The incident left Dimitar “Mityo The Eyes” Zhelyazkov with five bullet wounds. After several days in critical condition and having undergone life-saving operations, Zhelyazkov – who previously spent some years in jail after pleading guilty to heading an organised crime group – was reported to have regained consciousness on June 16. One of his bodyguards was shot dead and another was shot in the leg.

Bulgarian Prosecutor-General Sotir Tsatsarov.
Bulgarian Prosecutor-General Sotir Tsatsarov.

Tsatsarov told reporters in Bulgaria’s Black Sea city Bourgas that two more people were facing charges in connection with the shootout.

Georgi Ivanchev and Radoslav Dimitrov are accused of the attempted murder of Zhelyazkov. They were arrested on the night of June 16.

Tsatsarov said that the case could not be described as a dispute over a parking space, but rather as a matter of a contest over income from criminal activity.

A team from the Prosecutor-General’s Office, 25 operatives, 10 police and 15 experts are working on the case, Tsatsarov said.

He said that 84 witnesses had been questioned, there had been a number of examinations of the crime scene, and 15 search-and-seizure operations had been carried out.

Earlier, Todor Slavov was charged with the murder of Zhelyazkov’s bodyguard Alexander Alexiev.

No one from Zhelyazkov’s group has been charged because there was no evidence that they had opened fire.

Separately on June 17, the Interior Ministry issued its latest denial that any organised crime group in Bulgaria had political protection.

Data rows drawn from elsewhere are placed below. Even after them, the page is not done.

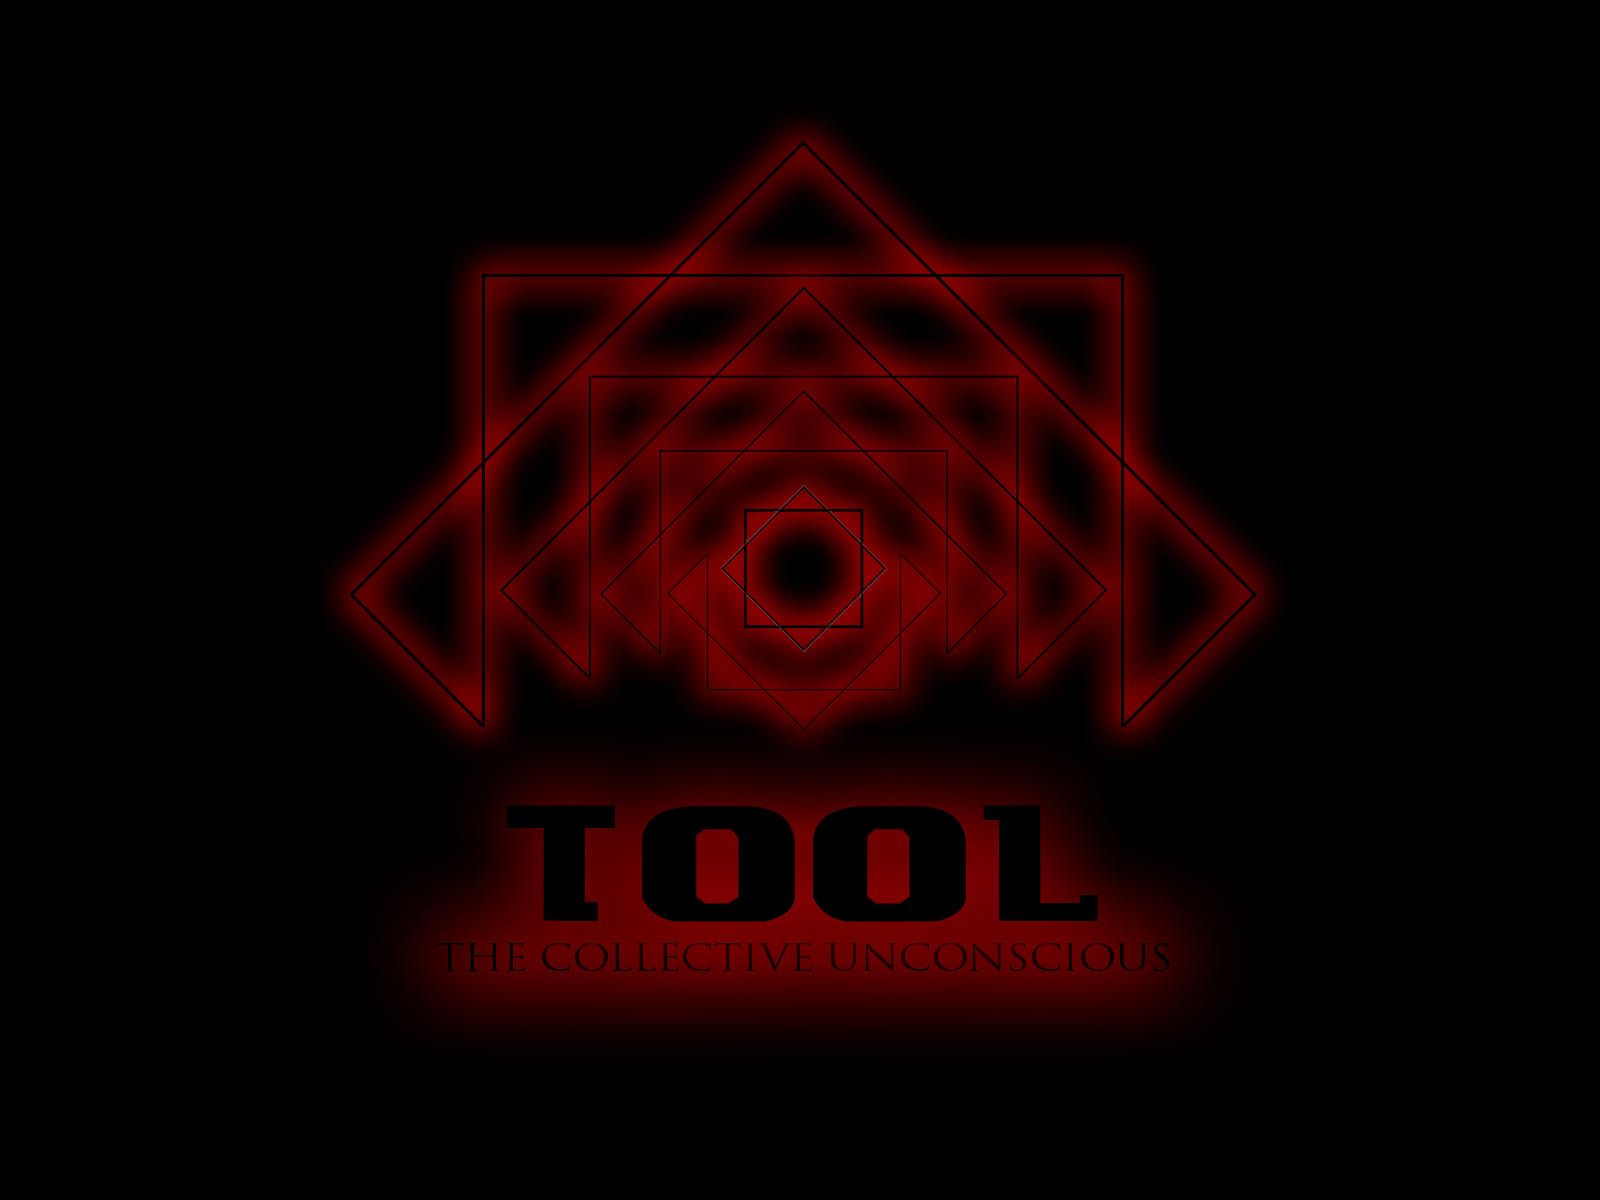 tool art wallpaper - photo #17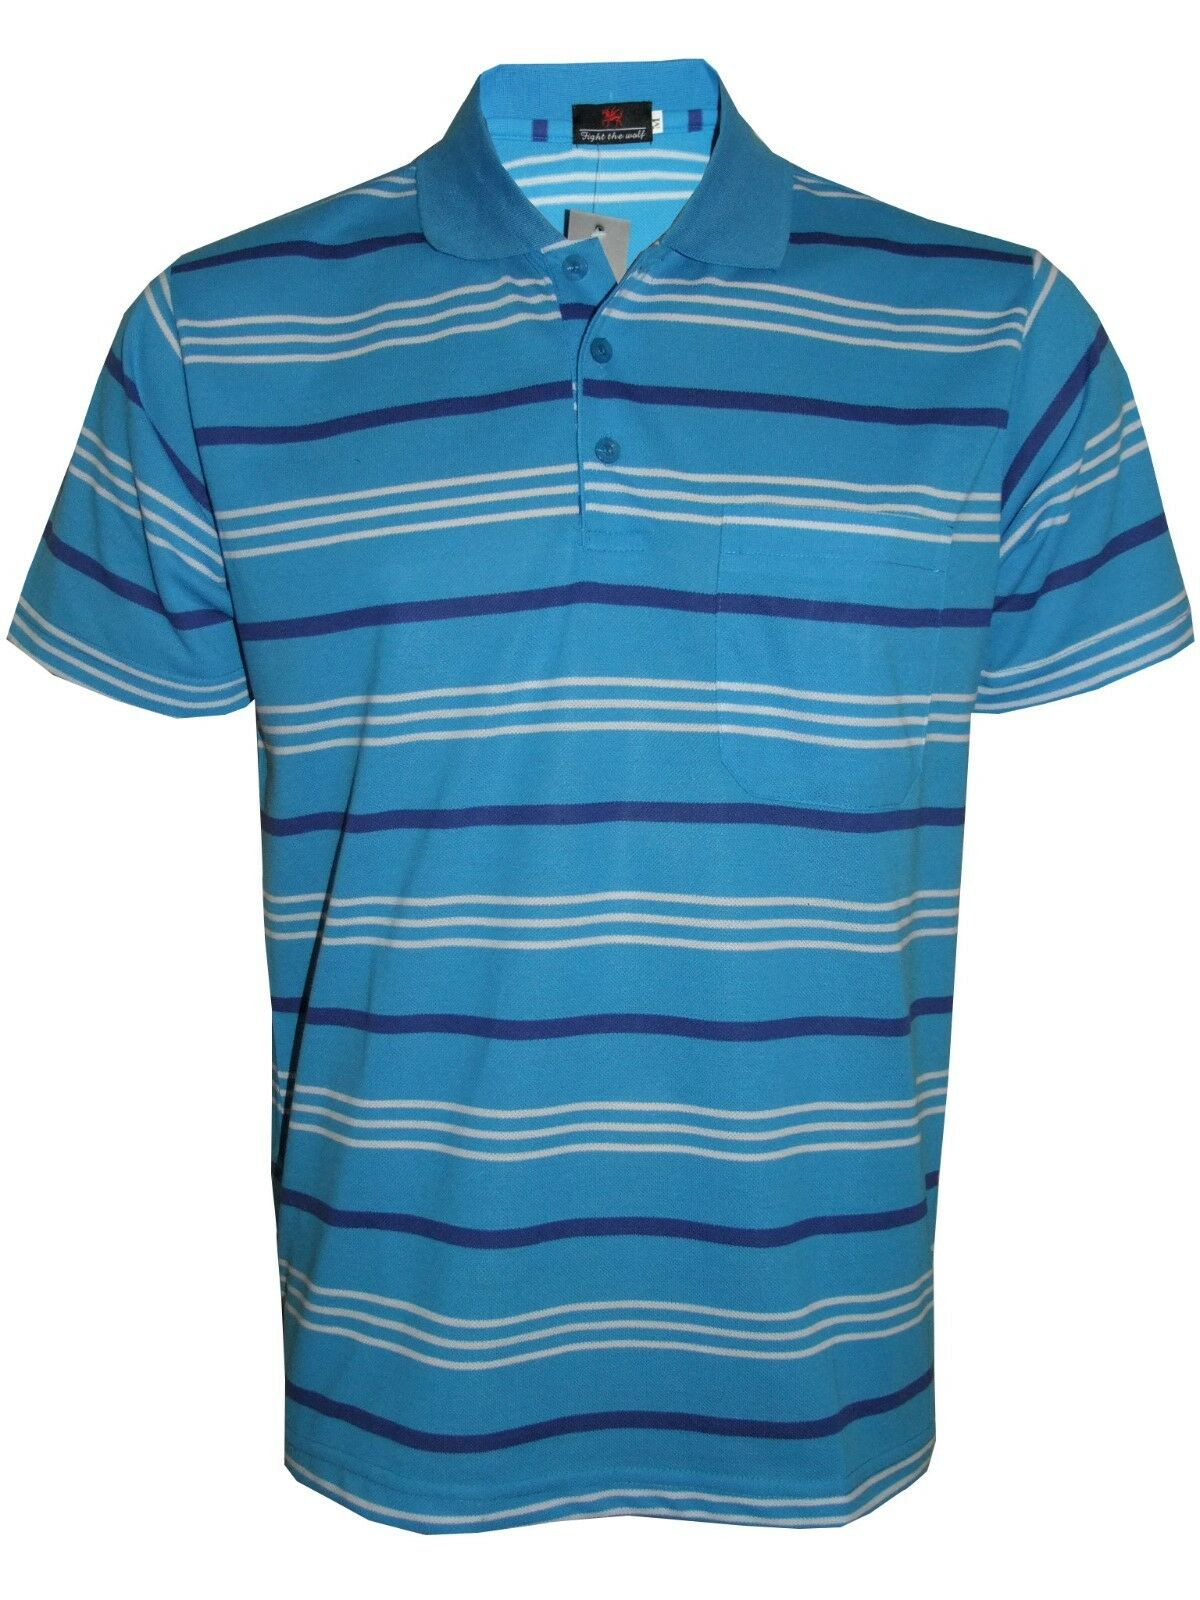 Men's Striped T-Shirts Regular Fit Pique Polo PolyCotton Tops Casual Shirt M-3XL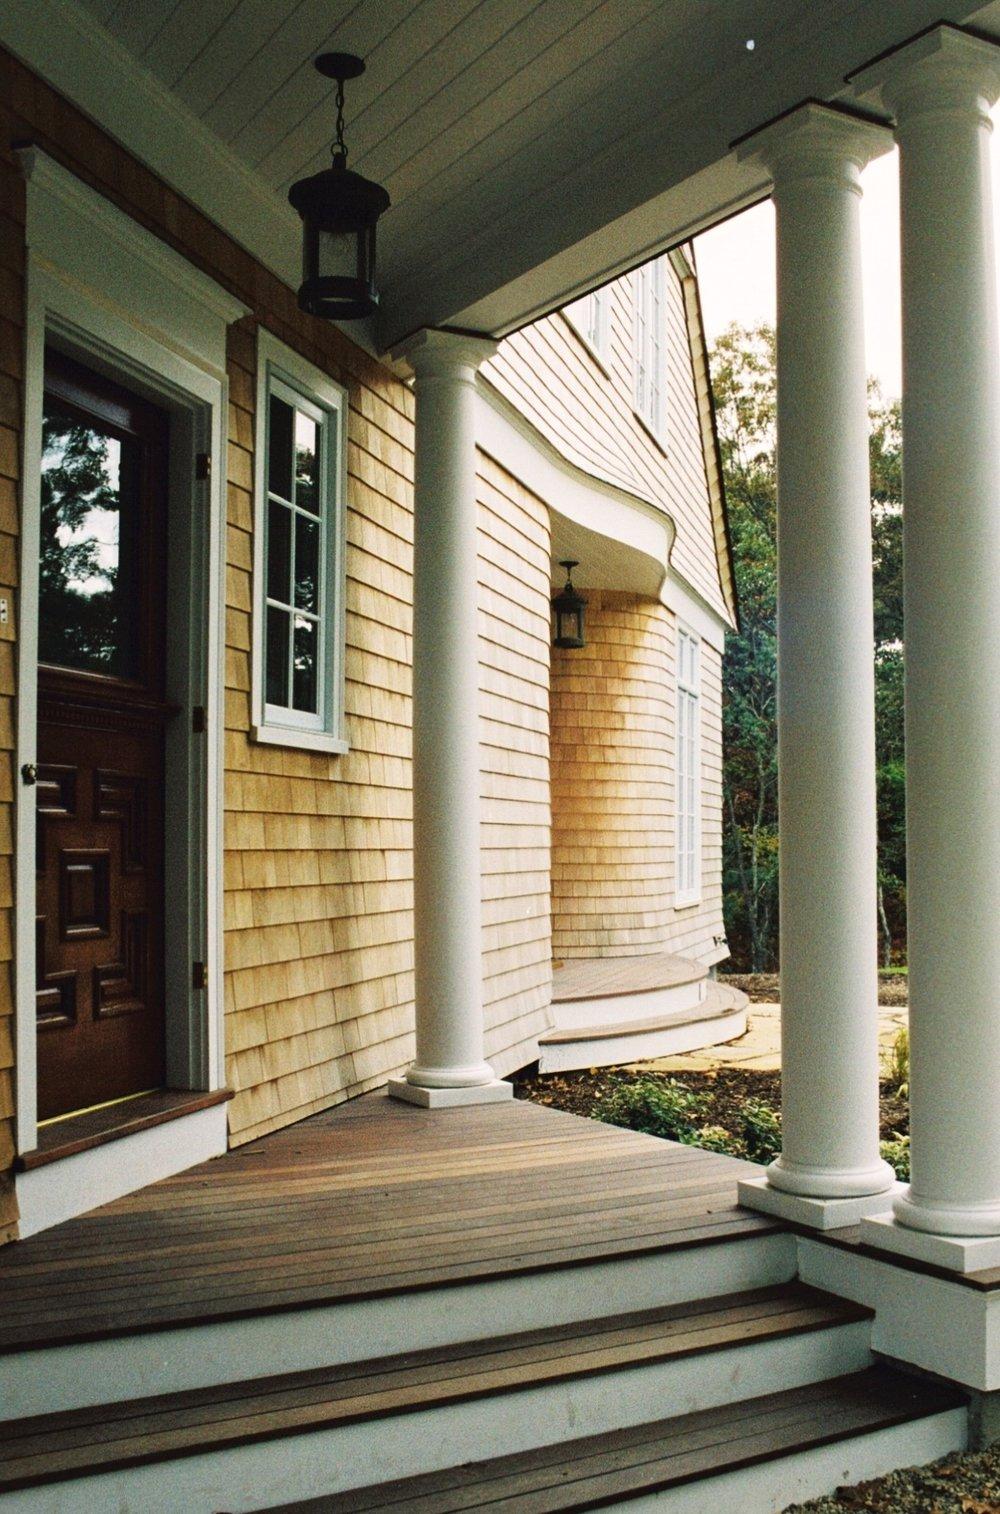 Robertson-Porch.jpg

Meanwhile, Tsatsarov announced that an investigator, Ivan Hristov – who among other things was involved in an investigation into the 2001 murder of Zhelyazkov’s wife, brother and a bodyguard, was under investigation by Sofia City Prosecutor’s Office after it emerged that Hristov combined his judiciary work with owning a hotel that he also managed.

Hristov is currently in hospital. The National Revenue Agency initiated a full-scale tax audit of his hotel.

Tsatsarov said that such conduct by a member of the judiciary was unacceptable.

“And having been tolerated for so long at the local level, we areclearly showing that we will not tolerate it. Let the colleague heal, which I think will be very soon, and maybe you will learn more things,” Tsatsarov said.

The Prosecutor-General said that after Zhelyazkov had been released from jail (“The Eyes” five-year sentenced ended in 2012) he had regained his place in legal and illegal activities.

“This, in many cases was not monitored. Let alone an investigation,” Tsatsarov said.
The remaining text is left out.